Speaking at Dataquest's Predicts '99 conference in Paris this week, leading chip analyst Joe D'Elia predicted a growth in the worldwide semiconductor industry of 12.6 percent in 1999. This growth will reach a peak in 2002, but another down cycle could begin as early as 2003.

According to D'Elia the troubled DRAM market -- which shrank by 26 percent in 1998 -- will begin an upturn after a "volatile first half" this year and the market will remain positive for the next two to three years.

However D'Elia predicts a sea change in the way semiconductor businesses are run. "In the next three to four years it will be difficult for those companies in the bottom half of the top ten to build fabs by themselves," he said. The alternative will be to outsource to foundries or to search for partners, according to D'Elia.

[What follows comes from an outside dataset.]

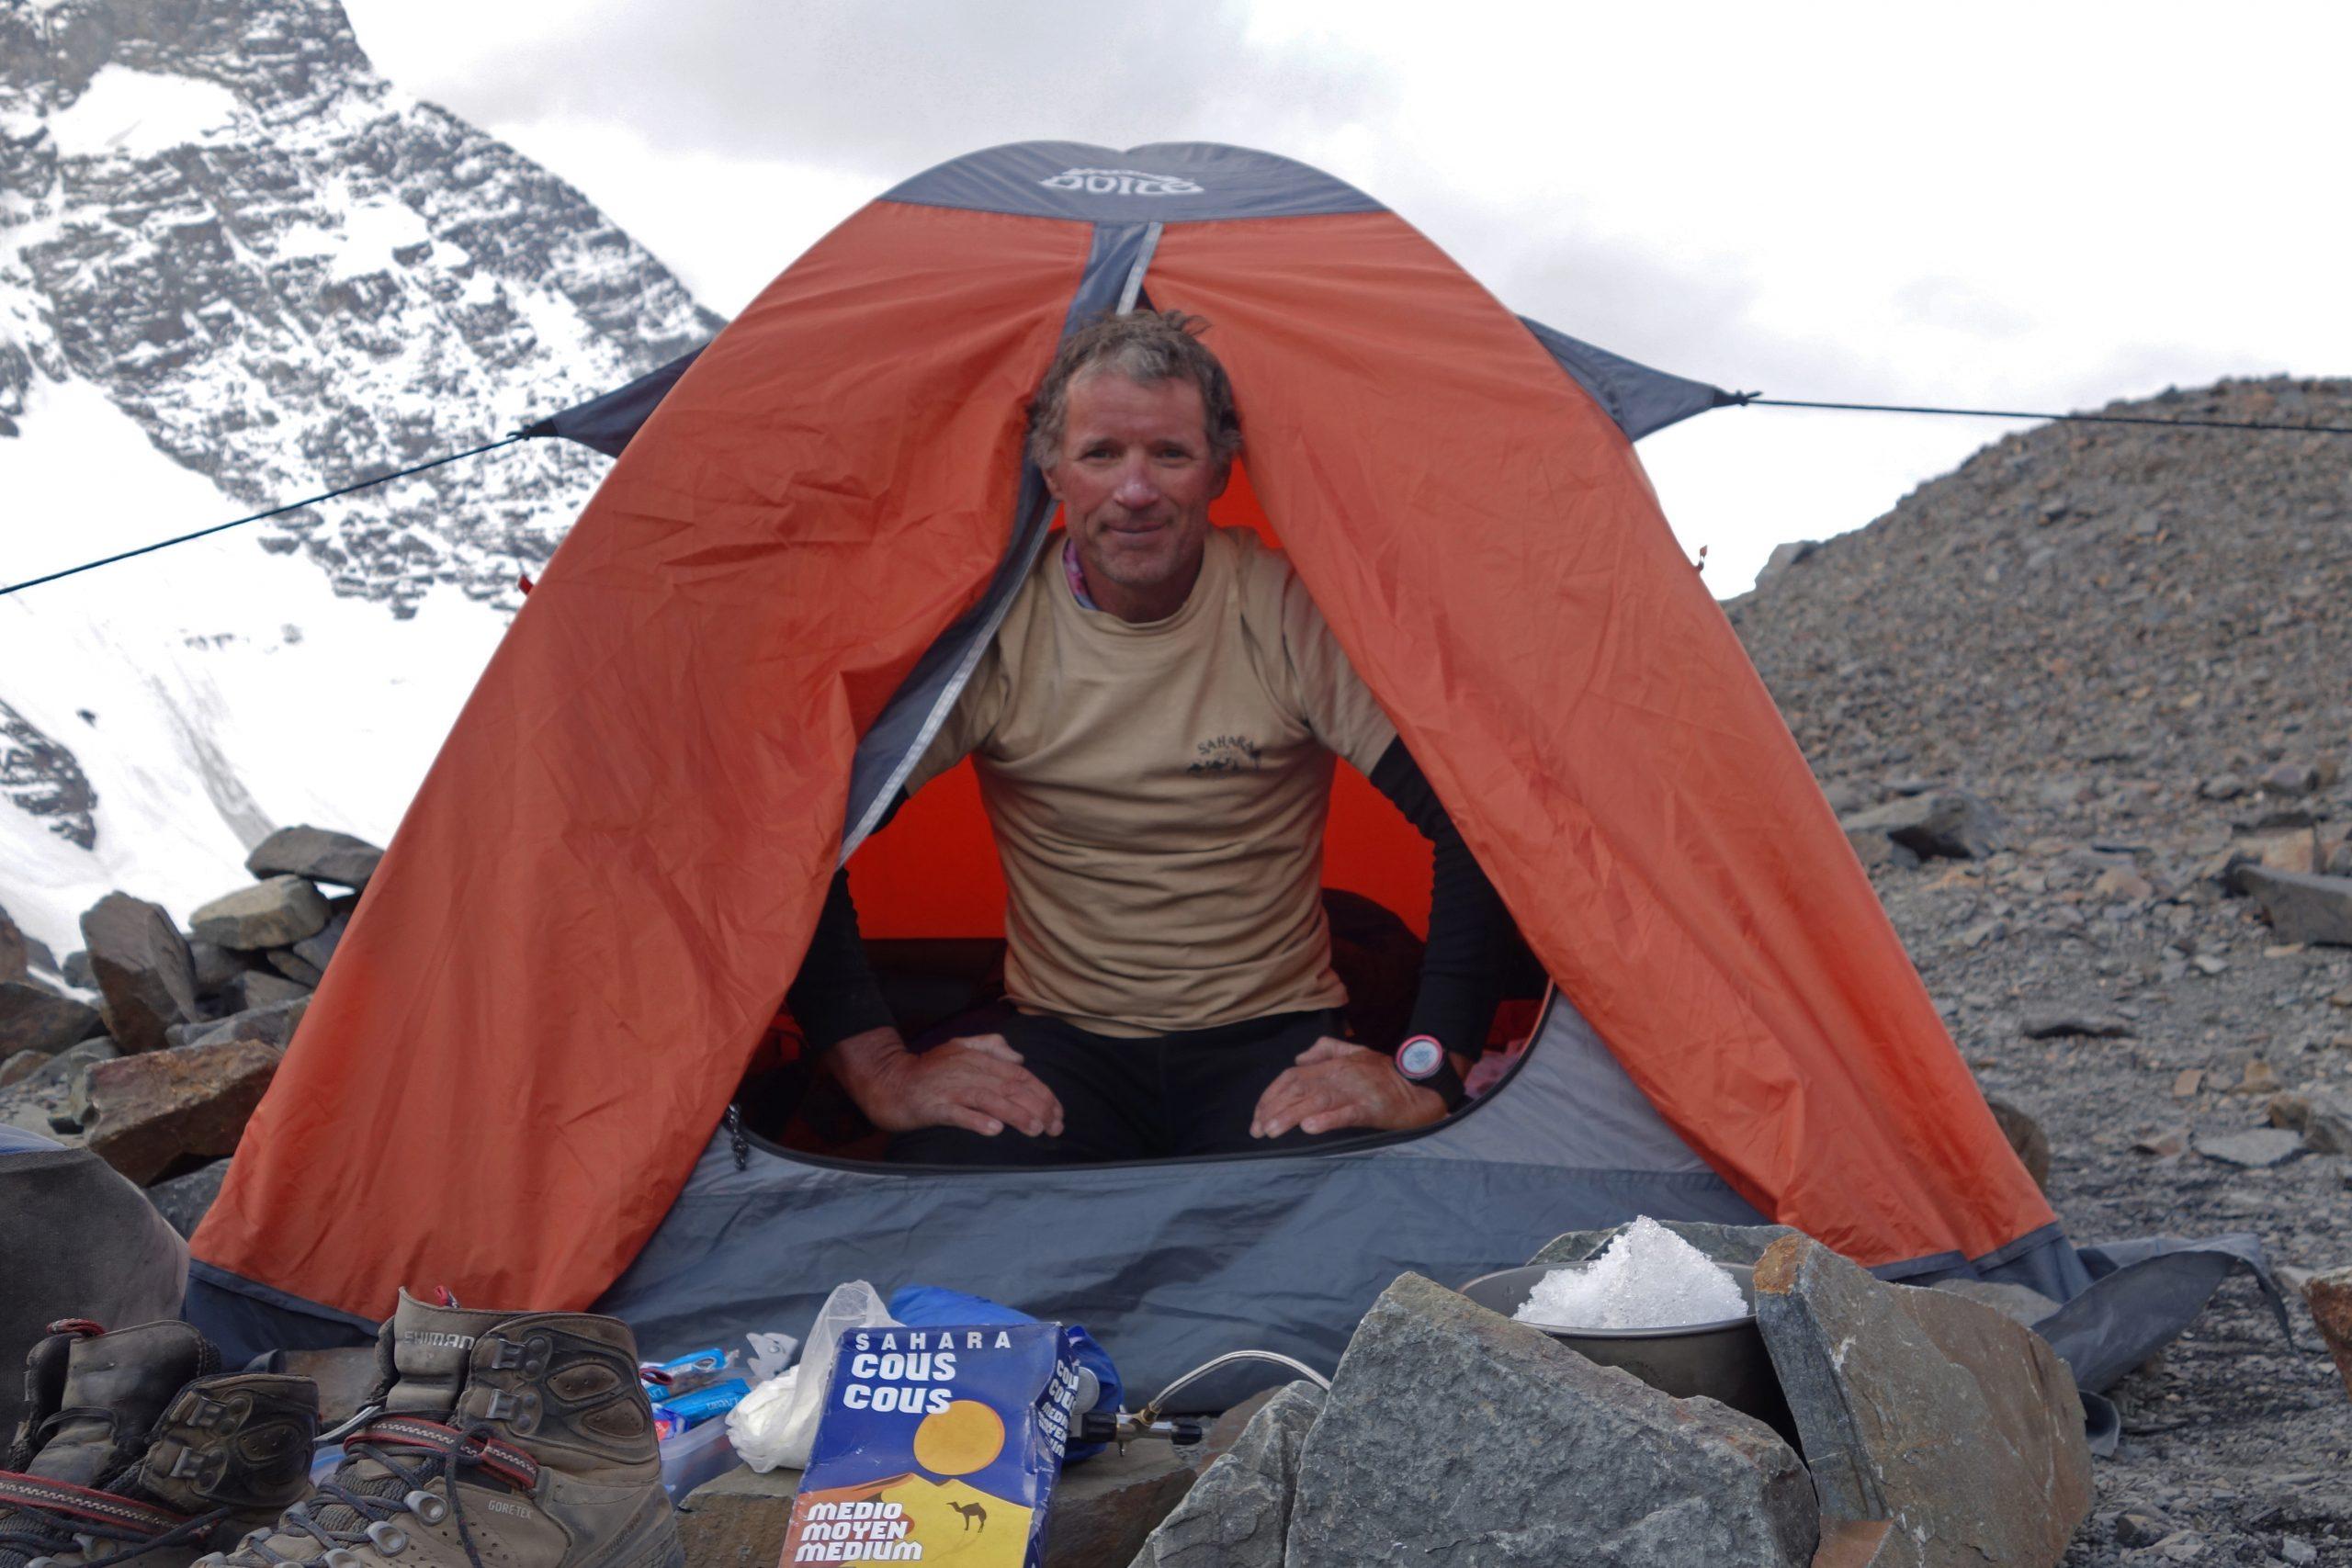 Radreise Südamerika 2019 - Camp Hoyada (4.600m)

Stuart McIntosh, CEO of Philips semiconductor business agrees that chip firms will have to be consolidated. "In the coming decade there will be less than a handful of giants," he predicts. "In the lower tiers some players will disappear," he adds.

Although experts are predicting European semiconductors will do well out of the emerging wireless communications market, vice president of new technologies at mobile phone giant Nokia sounded a note of caution. "We find we spend a lot of time asking Europeans to do it our way, while in the US they just say 'what do you want'."